= Beginning of Section =

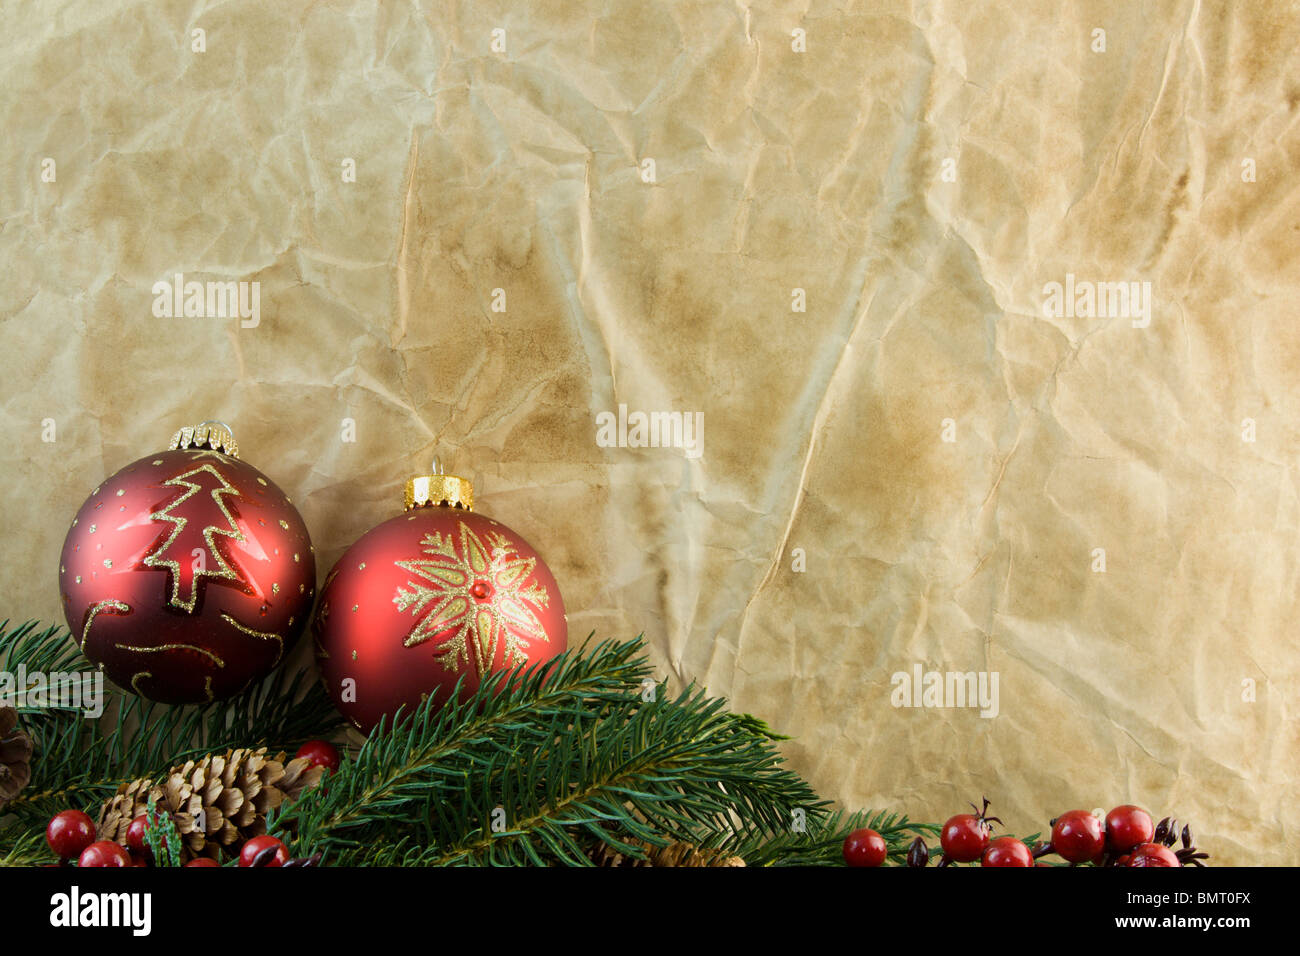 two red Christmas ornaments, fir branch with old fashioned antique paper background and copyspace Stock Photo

= End of Section =
= Beginning of Section =

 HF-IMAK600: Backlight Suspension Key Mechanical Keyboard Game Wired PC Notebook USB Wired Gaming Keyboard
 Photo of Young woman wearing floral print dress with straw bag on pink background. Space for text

= End of Section =
= Beginning of Section =

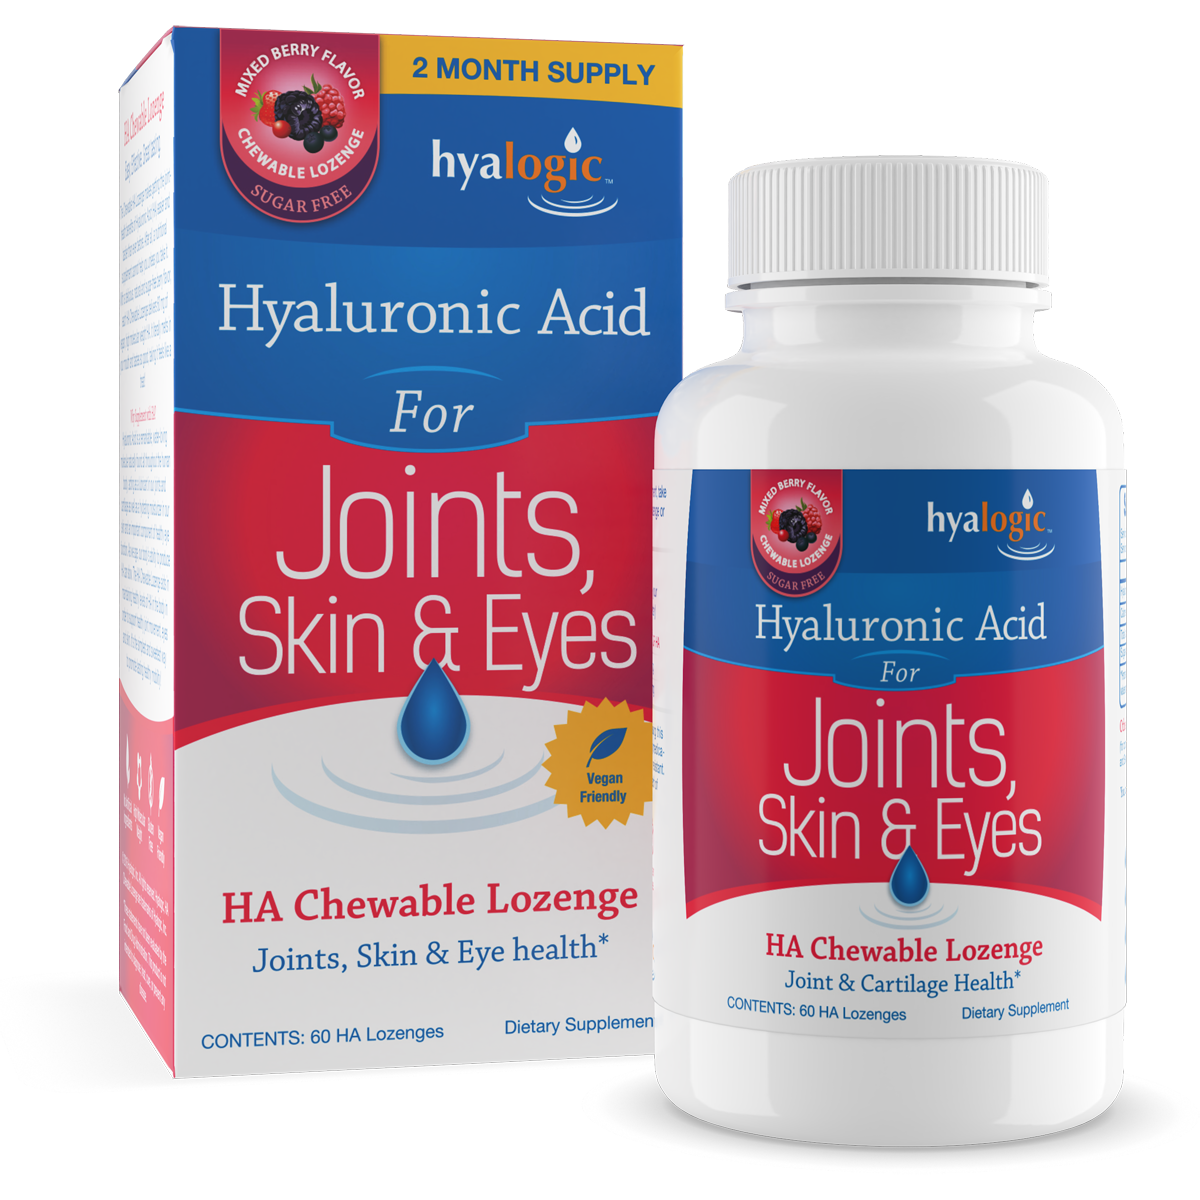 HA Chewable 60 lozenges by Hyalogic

= End of Section =

- **TASK BRIEF**:
Reproduce exactly the lines of the records above from the one with "HF-IMAK600: Backlight Suspension" to the one with "Photo of Young", both included, and leave out everything else.

- **TASK ANSWER**:
 HF-IMAK600: Backlight Suspension Key Mechanical Keyboard Game Wired PC Notebook USB Wired Gaming Keyboard
 Photo of Young woman wearing floral print dress with straw bag on pink background. Space for text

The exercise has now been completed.